Danach ist ein Unternehmen jede wirtschaftliche Einheit, unabhängig von ihrer Rechtsform und der Art ihrer Finanzierung. Eine wirtschaftliche Einheit kann aus mehreren natürlichen oder juristischen Personen bestehen. Sie liegt insbesondere dann vor, wenn eine Muttergesellschaft auf eine Tochtergesellschaft einen bestimmenden Einfluss ausübt. Davon ist regelmäßig bei einem Stimmenanteil an der Tochtergesellschaft von über 50 Prozent auszugehen. Allerdings genügt auch die tatsächliche Möglichkeit der Kontrolle und Einflussnahme unabhängig von einer starren Beteiligungsschwelle. Die Anwendung dieses im Kartellrecht wurzelnden funktionalen Unternehmensbegriffs hat unter anderem für die Höhe der zu verhängenden Bußgelder weitreichende Folgen, da die Basis der Bußgeldberechnung der weltweite Unternehmensumsatz ist. Begeht beispielsweise eine Unternehmenstochter einen durch Bußgeld zu ahndenden Verstoß und liegt eine wirtschaftliche Einheit mit der Muttergesellschaft vor, so bildet der gesamte weltweite Konzernumsatz (Mutter plus Tochter) die Berechnungsgrundlage für die Höhe des Bußgeldes.

Die Anwendung des funktionalen Unternehmensbegriffs wirkt sich auch auf haftungsrechtliche Fragen aus. Denn nach der hierfür maßgeblichen kartellrechtlichen Rechtsprechung genügt für die Verantwortlichkeit eines Unternehmens bzw. einer Unternehmensvereinigung die Handlung einer Person, die berechtigt ist, für das Unternehmen bzw. die Unternehmensvereinigung tätig zu werden.
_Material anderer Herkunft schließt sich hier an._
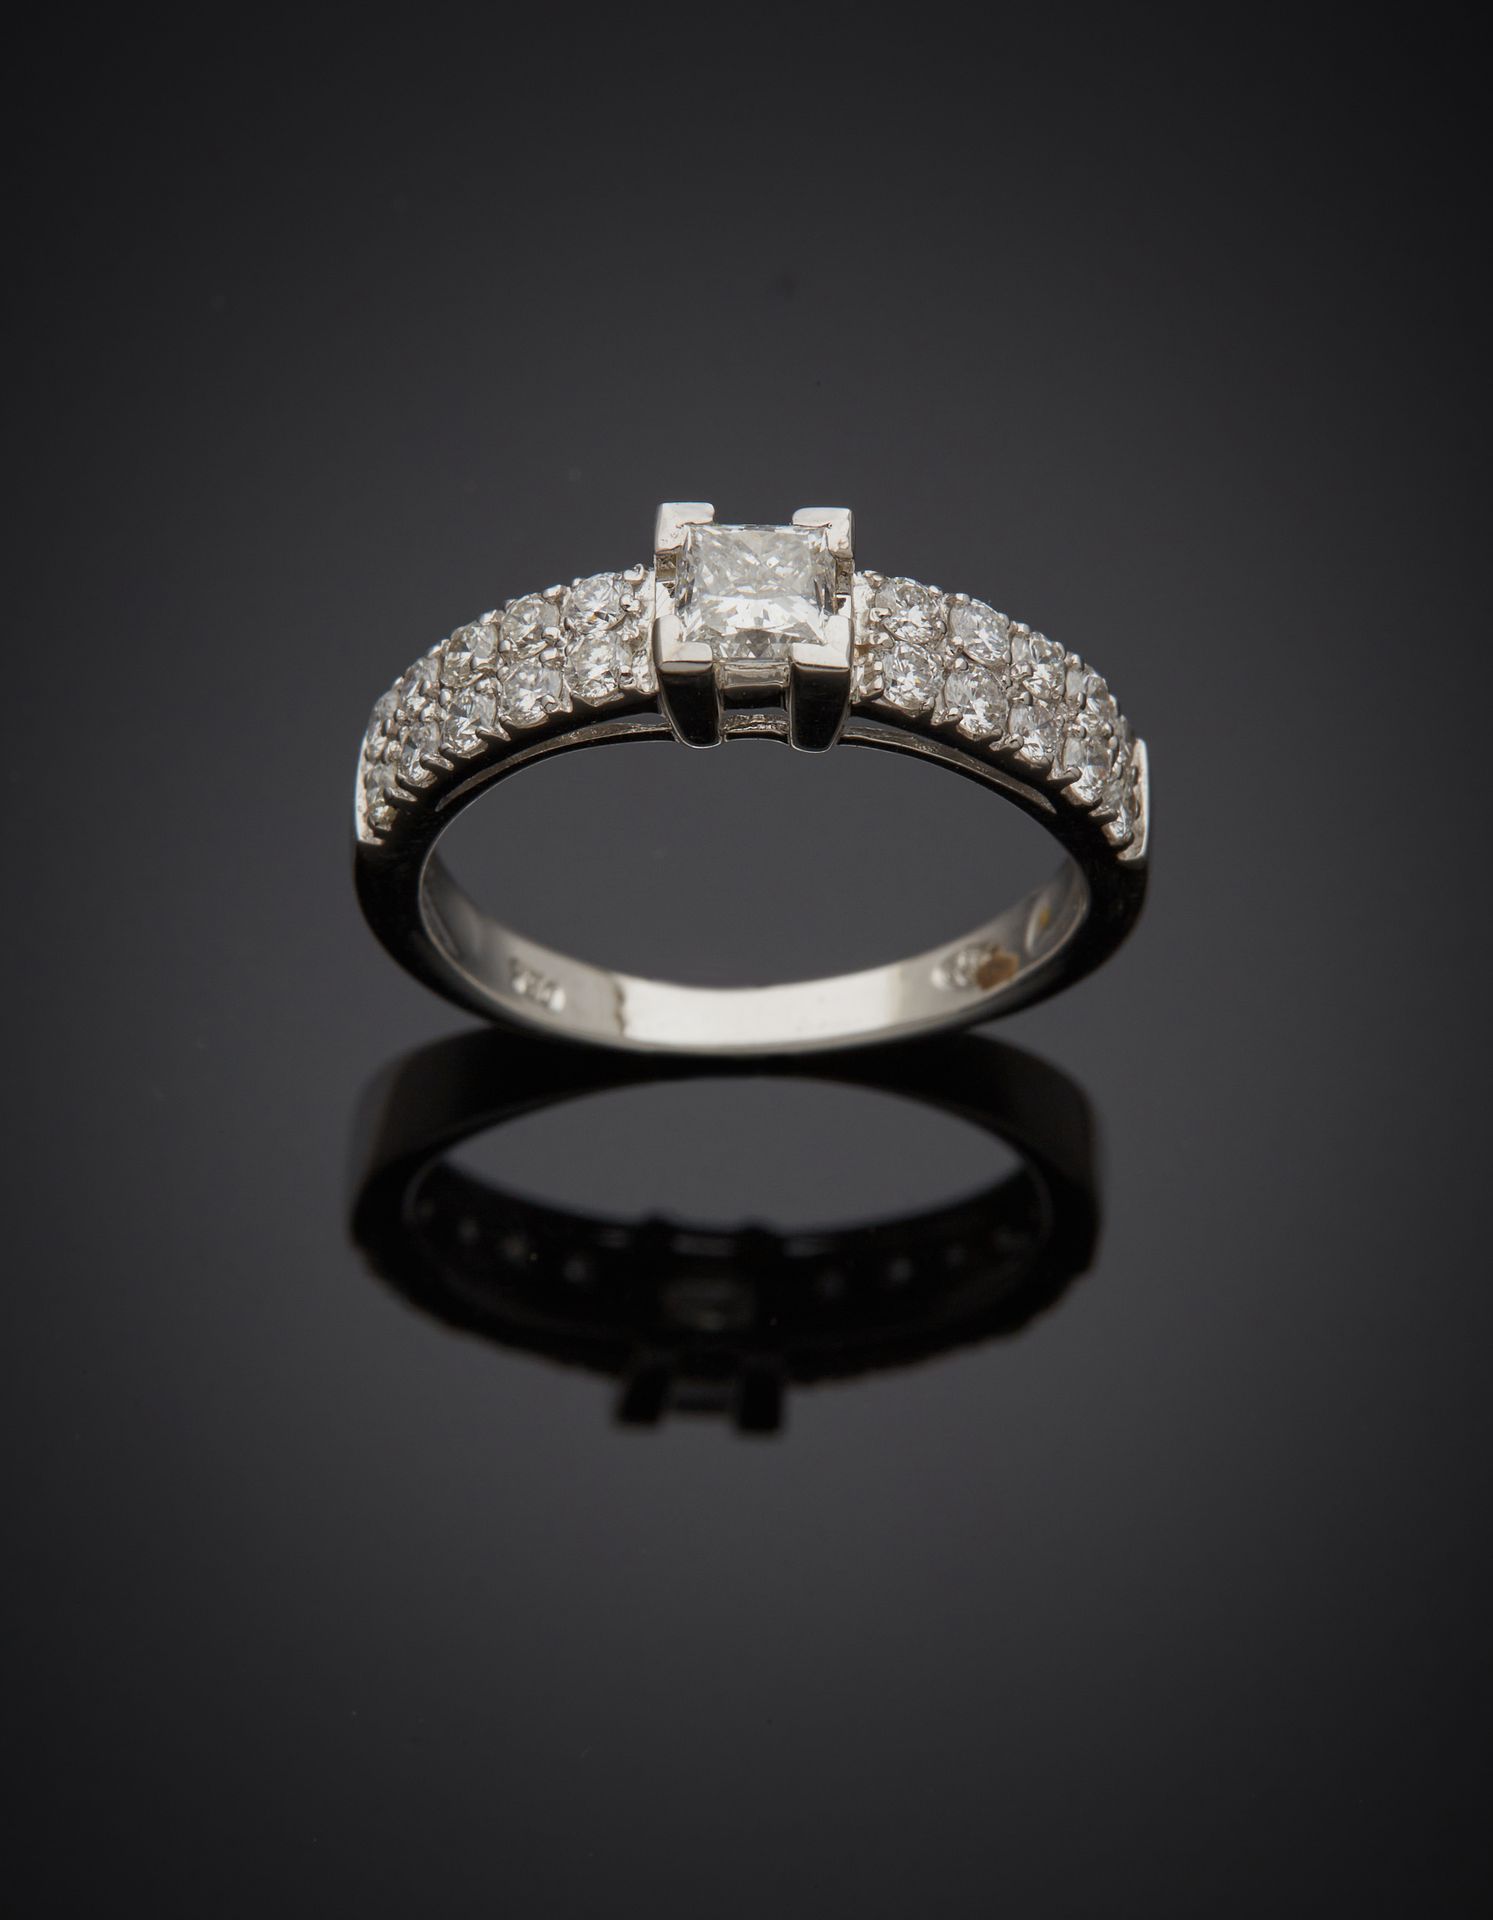 Null 一枚白金戒指（750‰），镶嵌着一颗公主式切割的钻石，重约0.5克拉，并镶嵌着排列整齐的明亮式切割钻石。
指头：54 - 毛重：3.5 g

Erfasst sind daher nicht nur wie bisher die gesetzlichen Vertreter:innen oder Leitungspersonen, sondern sämtliche Bedienstete oder auch Beauftragte außerhalb des Unternehmens oder der Unternehmensvereinigung. Eine Kenntnis der Inhaber:innen oder Geschäftsführer:innen des Unternehmens von der konkreten Handlung oder eine Verletzung der Aufsichtspflicht ist für die Zuordnung der Verantwortlichkeit nicht erforderlich, wobei Exzesse ausgenommen sind. Darüber hinaus können bei Vorliegen einer wirtschaftlichen Einheit für ein Fehlverhalten der Tochtergesellschaft Mutter und Tochter gesamtschuldnerisch herangezogen werden, ohne dass die Beteiligung der Mutter nachgewiesen werden müsste. Auch bei Umstrukturierungen verbleibt die Haftung im Konzern bzw. geht auf die Rechtsnachfolge über.